» **How to complete this task**:
Quote all lines below exactly. Images stay out.

» **Raw data**:
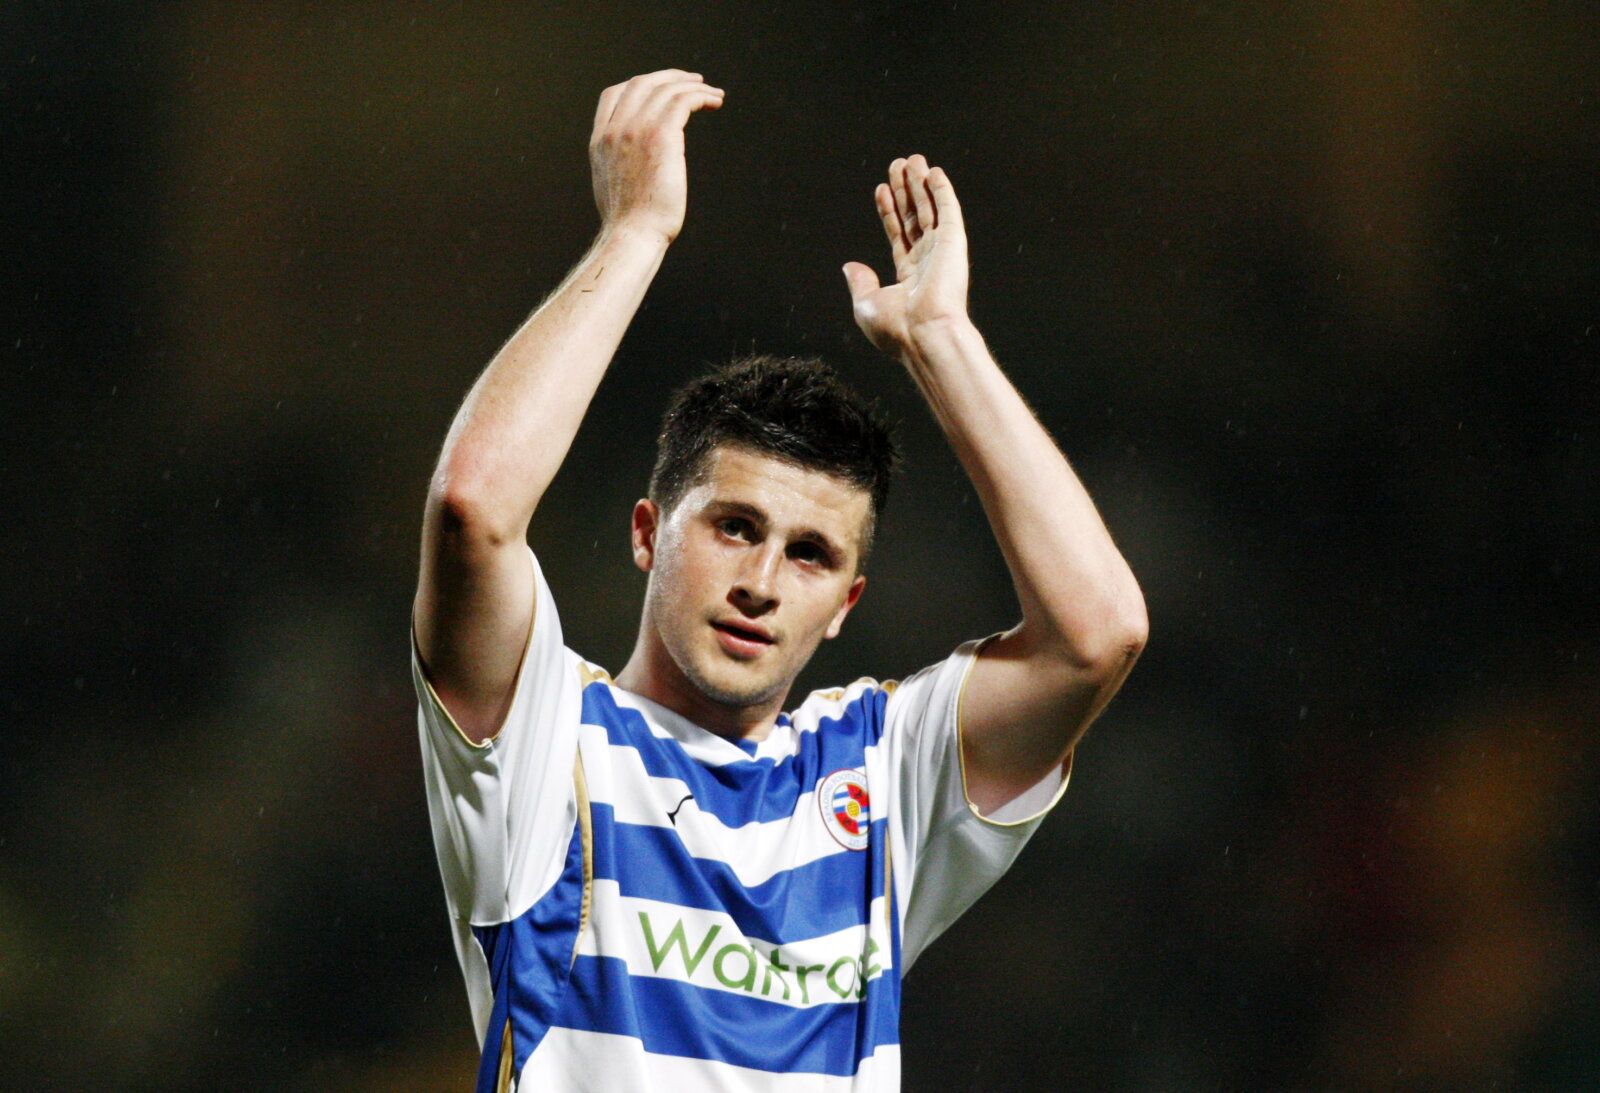 Football - Norwich City v Reading - Coca-Cola Football League Championship - Carrow Road - 08/09 - 27/4/09 
Shane Long - Reading applauds fans at full time 
Mandatory Credit: Action Images / Paul Harding

» **Result of the exercise**:
 Football - Norwich City v Reading - Coca-Cola Football League Championship - Carrow Road - 08/09 - 27/4/09 
Shane Long - Reading applauds fans at full time 
Mandatory Credit: Action Images / Paul Harding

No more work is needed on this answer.